Three, the sheer volume of content traffic on the Dropbox platform blows my mind. With 500 million users, Dropbox happens to generate one exabyte of data. As a failed maths geek, even I know that an exabyte equates to one quintillion byte of data or multiplication by ten to the power of 18. This is one of history’s priceless, embryonic digital moats and I cannot resist its potential.

Four, Dropbox is the fastest SaaS (software subscription model) companies I know in the Valley to have reached the $1 billion revenue milestone. Its global mass market cloud platform can now be leveraged to design for the vast, lucrative enterprise software market. After all, 500 million Dropbox users are now ambassadors for the platform and millions happen to work in Fortune 500 in corporate America.

Five, I concede Microsoft and Google are obvious competitors for Dropbox in the area of content/collaboration software but its platform has intrinsic attractiveness as its users generate their own growth, leaving the firm free to R&D new product suites/solutions and business partnerships.

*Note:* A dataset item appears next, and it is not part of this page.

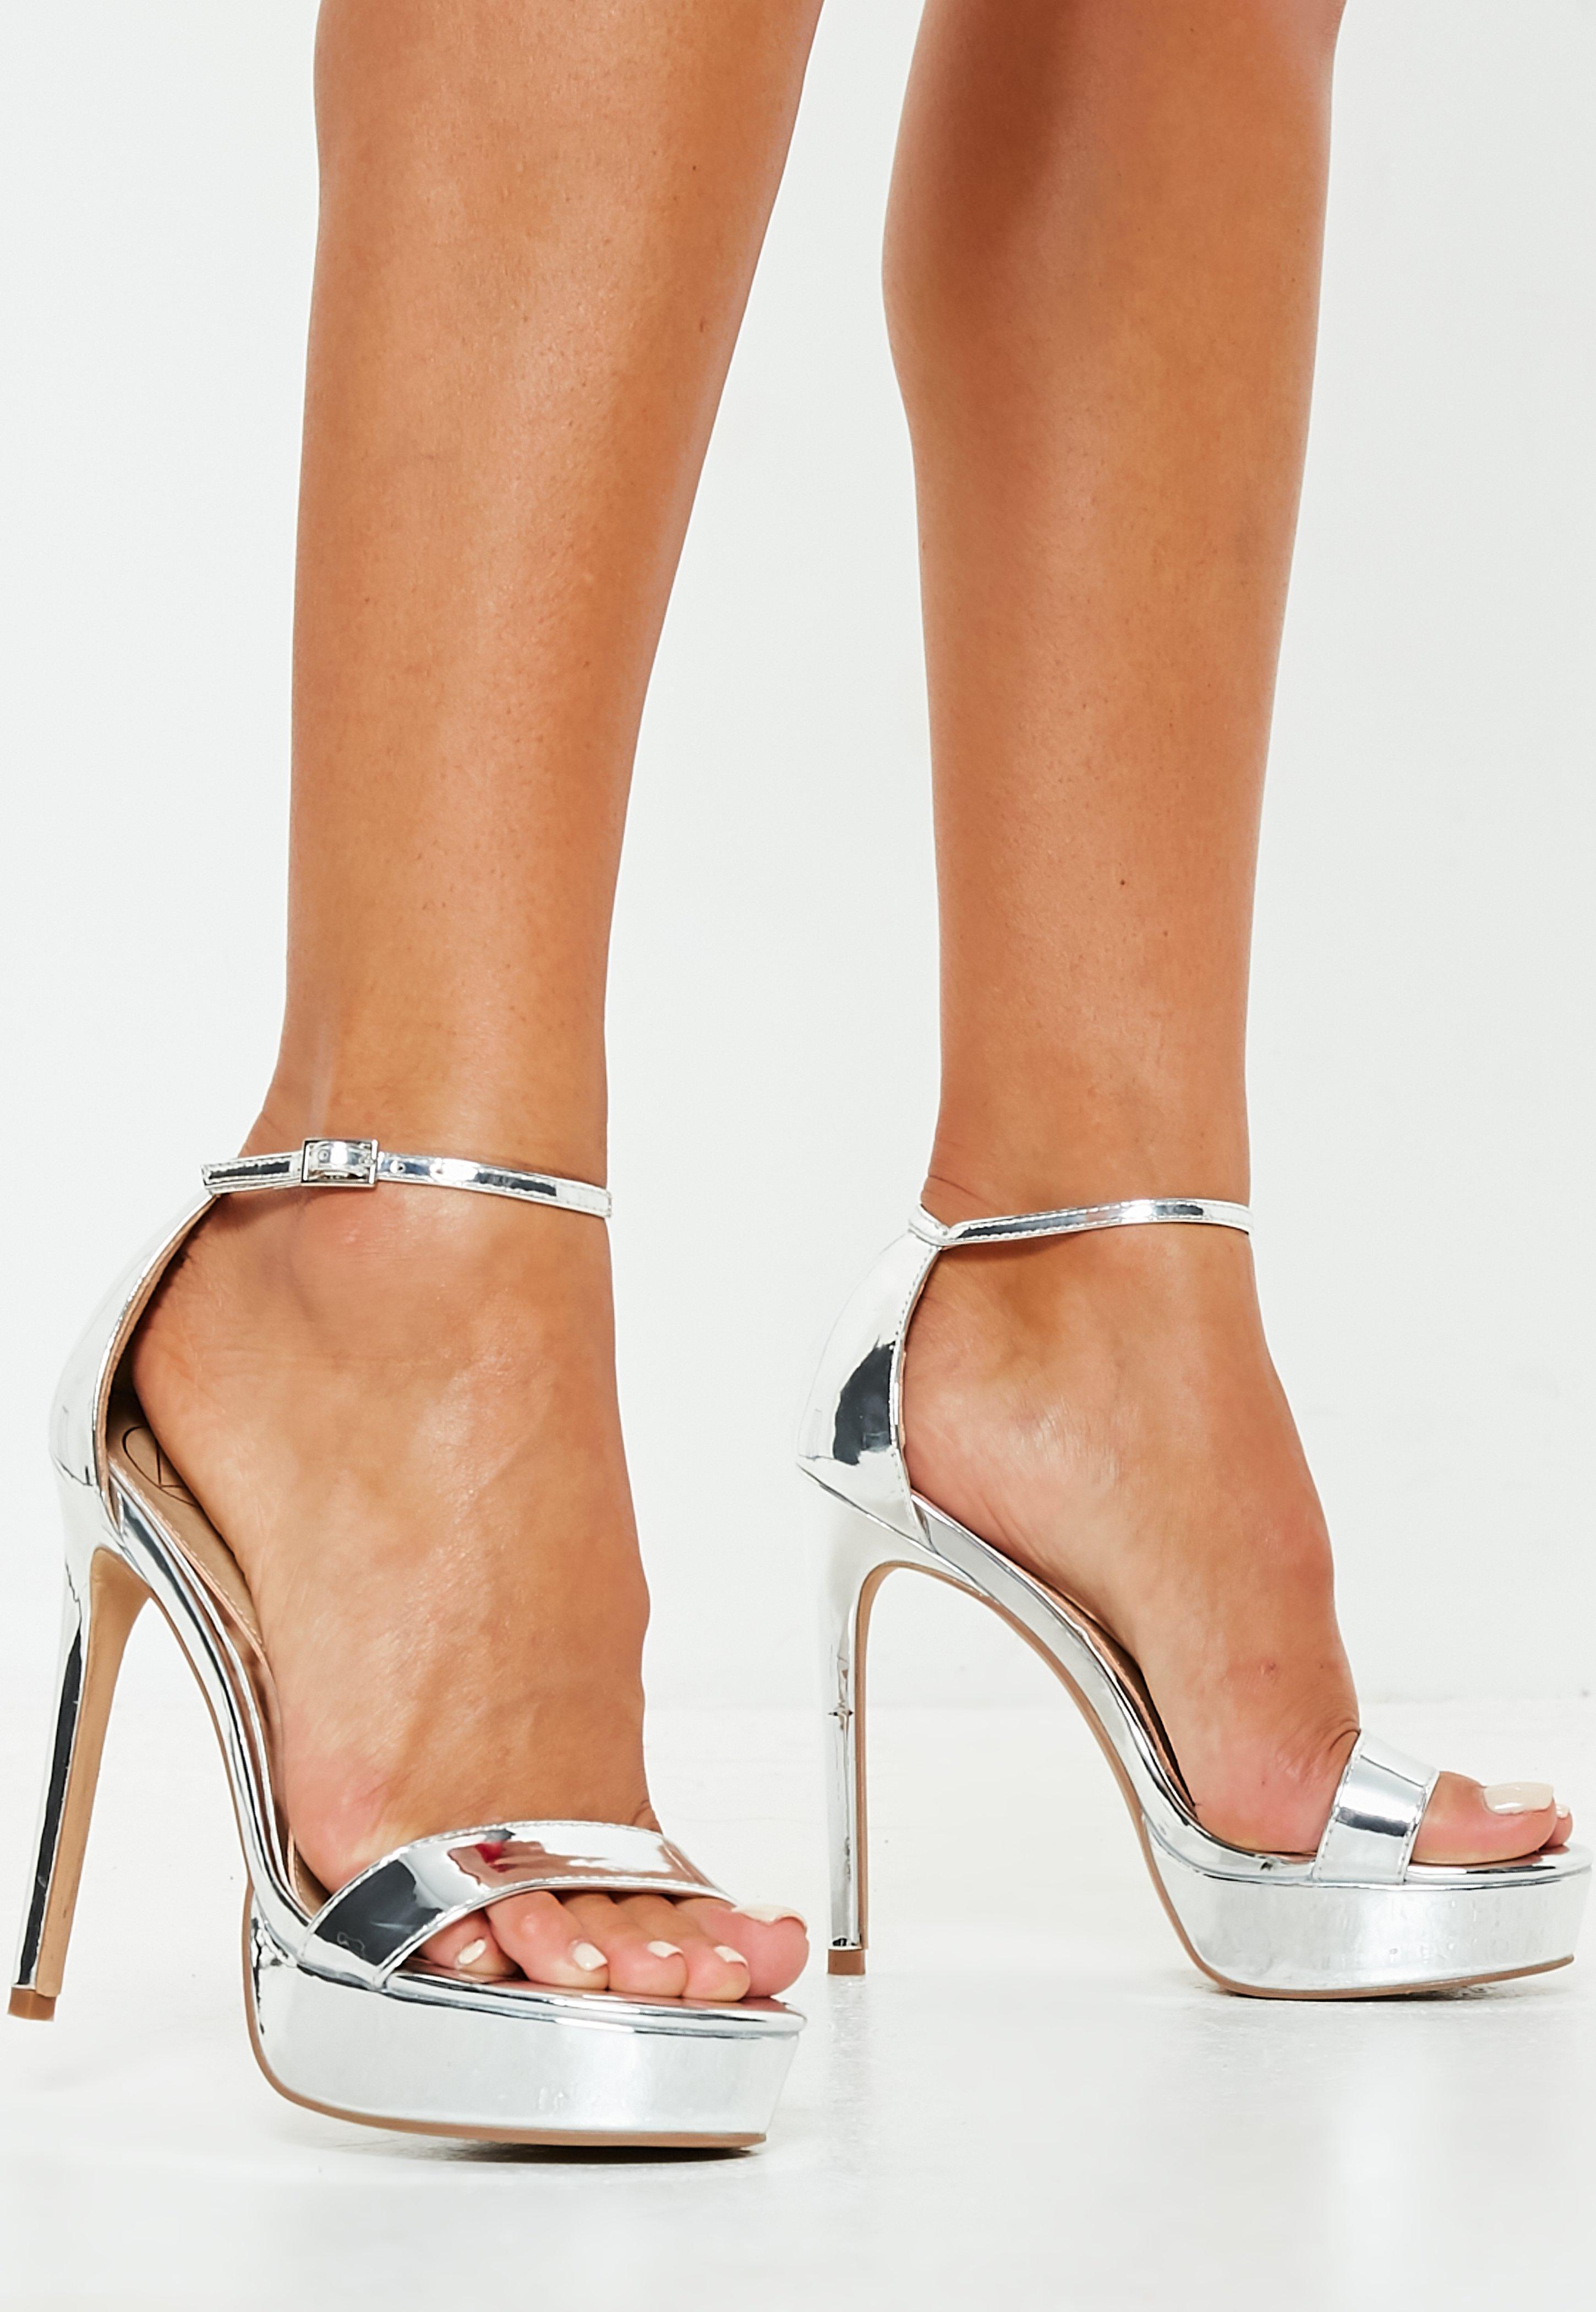 0f2efb3577c866 Lyst - Missguided Silver Simple Strap Platform Sandals in Metallic

Read: 9 eye-popping things you might not know about Dropbox CEO Drew Houston

Six, as Godzilla would agree, size matters and Dropbox has acquired the scale where network effects and mass user experience make it a must-own asset for Big Tech. Google has $102 billion in cash, ambitions to pole vault the collaboration software league tables, and owns YouTube. This platform could be a natural takeover candidate for Google.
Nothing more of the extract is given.